DATA RECORDS:
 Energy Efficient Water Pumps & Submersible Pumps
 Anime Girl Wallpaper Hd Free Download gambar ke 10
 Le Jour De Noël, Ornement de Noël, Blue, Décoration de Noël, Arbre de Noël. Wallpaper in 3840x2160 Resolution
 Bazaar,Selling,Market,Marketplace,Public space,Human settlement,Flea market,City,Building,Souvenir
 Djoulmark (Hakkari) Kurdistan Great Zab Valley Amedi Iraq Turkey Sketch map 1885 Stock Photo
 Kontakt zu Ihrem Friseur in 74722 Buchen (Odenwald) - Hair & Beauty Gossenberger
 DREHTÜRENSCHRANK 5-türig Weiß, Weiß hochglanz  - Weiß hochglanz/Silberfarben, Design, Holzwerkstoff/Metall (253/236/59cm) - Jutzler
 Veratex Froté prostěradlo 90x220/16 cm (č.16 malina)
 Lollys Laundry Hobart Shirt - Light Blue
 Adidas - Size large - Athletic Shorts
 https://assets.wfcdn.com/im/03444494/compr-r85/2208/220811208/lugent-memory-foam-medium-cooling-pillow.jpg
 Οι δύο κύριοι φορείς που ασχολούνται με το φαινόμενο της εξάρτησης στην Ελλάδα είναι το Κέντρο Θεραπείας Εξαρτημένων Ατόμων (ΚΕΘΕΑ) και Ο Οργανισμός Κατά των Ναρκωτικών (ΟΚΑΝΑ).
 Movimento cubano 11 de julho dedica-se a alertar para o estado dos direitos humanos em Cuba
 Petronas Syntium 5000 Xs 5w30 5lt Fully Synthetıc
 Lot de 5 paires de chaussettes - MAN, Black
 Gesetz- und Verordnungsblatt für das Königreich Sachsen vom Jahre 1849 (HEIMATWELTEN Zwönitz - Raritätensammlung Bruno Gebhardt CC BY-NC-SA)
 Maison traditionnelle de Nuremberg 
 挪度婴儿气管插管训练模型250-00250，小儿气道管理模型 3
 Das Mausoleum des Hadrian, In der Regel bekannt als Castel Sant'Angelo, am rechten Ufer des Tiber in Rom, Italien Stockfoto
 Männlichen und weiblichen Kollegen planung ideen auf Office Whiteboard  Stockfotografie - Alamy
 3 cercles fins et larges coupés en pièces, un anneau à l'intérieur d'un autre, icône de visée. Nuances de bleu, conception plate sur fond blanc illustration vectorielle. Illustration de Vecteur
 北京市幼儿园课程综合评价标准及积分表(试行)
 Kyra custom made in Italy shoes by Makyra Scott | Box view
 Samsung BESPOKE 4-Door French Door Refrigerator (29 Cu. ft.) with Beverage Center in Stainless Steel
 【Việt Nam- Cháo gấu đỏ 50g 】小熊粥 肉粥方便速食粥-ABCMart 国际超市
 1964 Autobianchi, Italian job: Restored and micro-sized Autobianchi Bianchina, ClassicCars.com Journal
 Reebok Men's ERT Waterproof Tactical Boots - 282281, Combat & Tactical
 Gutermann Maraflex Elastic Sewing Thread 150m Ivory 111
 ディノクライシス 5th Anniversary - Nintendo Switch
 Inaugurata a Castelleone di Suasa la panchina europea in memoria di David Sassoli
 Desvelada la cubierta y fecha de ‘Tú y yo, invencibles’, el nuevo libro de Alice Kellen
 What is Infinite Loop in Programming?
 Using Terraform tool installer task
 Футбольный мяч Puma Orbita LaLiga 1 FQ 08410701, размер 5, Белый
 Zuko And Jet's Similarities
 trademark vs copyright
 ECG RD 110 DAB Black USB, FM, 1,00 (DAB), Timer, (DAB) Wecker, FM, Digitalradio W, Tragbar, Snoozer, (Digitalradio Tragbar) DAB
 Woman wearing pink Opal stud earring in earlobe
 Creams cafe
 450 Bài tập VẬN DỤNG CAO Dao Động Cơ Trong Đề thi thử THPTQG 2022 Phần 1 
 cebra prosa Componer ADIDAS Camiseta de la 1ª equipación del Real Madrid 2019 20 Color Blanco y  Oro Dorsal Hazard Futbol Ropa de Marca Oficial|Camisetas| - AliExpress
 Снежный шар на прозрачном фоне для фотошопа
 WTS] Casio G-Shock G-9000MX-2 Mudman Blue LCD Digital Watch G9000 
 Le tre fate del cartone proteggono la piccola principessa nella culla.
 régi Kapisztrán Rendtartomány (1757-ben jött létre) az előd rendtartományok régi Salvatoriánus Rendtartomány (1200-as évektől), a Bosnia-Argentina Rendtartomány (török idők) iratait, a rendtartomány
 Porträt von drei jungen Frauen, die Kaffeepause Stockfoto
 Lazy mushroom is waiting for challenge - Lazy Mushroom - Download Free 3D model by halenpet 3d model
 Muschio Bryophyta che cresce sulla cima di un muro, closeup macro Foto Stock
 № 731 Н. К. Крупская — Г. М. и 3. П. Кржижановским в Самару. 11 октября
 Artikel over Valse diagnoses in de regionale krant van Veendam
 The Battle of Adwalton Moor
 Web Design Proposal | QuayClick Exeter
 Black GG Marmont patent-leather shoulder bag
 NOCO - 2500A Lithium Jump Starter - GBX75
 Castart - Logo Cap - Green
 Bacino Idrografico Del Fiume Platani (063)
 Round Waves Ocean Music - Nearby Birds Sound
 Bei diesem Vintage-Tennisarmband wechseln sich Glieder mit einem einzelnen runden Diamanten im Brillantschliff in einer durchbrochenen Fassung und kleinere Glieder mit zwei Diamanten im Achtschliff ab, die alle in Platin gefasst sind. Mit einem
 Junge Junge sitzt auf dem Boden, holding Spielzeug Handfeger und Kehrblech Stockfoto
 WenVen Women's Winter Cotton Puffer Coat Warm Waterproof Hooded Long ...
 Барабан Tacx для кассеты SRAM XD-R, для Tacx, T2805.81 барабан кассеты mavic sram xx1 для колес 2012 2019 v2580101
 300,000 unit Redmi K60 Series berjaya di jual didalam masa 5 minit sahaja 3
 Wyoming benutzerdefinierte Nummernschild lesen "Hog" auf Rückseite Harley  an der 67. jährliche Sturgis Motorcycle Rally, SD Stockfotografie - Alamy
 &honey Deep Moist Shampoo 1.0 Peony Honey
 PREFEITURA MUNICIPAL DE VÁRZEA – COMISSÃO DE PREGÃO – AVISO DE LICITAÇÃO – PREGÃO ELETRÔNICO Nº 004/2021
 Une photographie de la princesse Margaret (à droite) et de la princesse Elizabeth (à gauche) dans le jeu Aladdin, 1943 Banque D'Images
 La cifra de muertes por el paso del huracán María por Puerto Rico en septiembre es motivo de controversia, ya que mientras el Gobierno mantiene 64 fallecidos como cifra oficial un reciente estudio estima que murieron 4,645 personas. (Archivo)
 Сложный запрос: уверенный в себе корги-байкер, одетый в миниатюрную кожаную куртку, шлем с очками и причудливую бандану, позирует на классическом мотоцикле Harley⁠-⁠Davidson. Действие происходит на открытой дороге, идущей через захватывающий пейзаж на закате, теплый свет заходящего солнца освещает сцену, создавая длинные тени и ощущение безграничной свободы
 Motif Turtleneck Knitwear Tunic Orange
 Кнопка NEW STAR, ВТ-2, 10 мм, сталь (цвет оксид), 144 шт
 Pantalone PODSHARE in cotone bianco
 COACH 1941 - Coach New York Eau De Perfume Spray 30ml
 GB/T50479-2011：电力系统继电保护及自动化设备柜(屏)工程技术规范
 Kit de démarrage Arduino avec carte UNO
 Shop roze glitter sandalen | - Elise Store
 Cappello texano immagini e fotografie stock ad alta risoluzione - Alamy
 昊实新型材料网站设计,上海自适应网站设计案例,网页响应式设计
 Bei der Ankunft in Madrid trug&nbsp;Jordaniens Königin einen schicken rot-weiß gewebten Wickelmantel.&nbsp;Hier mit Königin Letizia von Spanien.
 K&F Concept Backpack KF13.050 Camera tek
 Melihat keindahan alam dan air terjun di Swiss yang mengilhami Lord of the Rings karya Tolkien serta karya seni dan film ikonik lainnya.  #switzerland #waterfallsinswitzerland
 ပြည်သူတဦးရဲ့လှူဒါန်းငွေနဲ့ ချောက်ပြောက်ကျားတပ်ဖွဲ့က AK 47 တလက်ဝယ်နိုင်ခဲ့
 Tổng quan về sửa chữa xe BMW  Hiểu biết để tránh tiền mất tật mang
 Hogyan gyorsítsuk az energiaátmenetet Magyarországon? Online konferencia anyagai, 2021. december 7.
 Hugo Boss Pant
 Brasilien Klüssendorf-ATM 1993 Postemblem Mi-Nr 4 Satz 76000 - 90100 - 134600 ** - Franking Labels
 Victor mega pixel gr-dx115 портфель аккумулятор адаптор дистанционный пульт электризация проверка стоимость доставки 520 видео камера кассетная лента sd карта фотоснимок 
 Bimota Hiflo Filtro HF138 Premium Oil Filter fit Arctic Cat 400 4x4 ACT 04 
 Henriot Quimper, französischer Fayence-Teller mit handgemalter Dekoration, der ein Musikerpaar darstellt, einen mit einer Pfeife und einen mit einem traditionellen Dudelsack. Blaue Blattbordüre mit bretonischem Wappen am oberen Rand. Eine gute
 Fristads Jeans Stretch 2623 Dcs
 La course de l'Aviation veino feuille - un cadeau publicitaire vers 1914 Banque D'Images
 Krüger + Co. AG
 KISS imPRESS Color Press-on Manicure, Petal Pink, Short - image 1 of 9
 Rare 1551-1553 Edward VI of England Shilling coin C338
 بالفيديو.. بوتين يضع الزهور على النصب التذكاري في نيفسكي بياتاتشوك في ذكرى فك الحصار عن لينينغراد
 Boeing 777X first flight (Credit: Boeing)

TASK DETAILS: Using the data above, reproduce exactly the lines from the line that contains "300,000 unit Redmi" through the line that contains "Motif Turtleneck Knitwear Tunic Orange", including both.

THE ANSWER:
 300,000 unit Redmi K60 Series berjaya di jual didalam masa 5 minit sahaja 3
 Wyoming benutzerdefinierte Nummernschild lesen "Hog" auf Rückseite Harley  an der 67. jährliche Sturgis Motorcycle Rally, SD Stockfotografie - Alamy
 &honey Deep Moist Shampoo 1.0 Peony Honey
 PREFEITURA MUNICIPAL DE VÁRZEA – COMISSÃO DE PREGÃO – AVISO DE LICITAÇÃO – PREGÃO ELETRÔNICO Nº 004/2021
 Une photographie de la princesse Margaret (à droite) et de la princesse Elizabeth (à gauche) dans le jeu Aladdin, 1943 Banque D'Images
 La cifra de muertes por el paso del huracán María por Puerto Rico en septiembre es motivo de controversia, ya que mientras el Gobierno mantiene 64 fallecidos como cifra oficial un reciente estudio estima que murieron 4,645 personas. (Archivo)
 Сложный запрос: уверенный в себе корги-байкер, одетый в миниатюрную кожаную куртку, шлем с очками и причудливую бандану, позирует на классическом мотоцикле Harley⁠-⁠Davidson. Действие происходит на открытой дороге, идущей через захватывающий пейзаж на закате, теплый свет заходящего солнца освещает сцену, создавая длинные тени и ощущение безграничной свободы
 Motif Turtleneck Knitwear Tunic Orange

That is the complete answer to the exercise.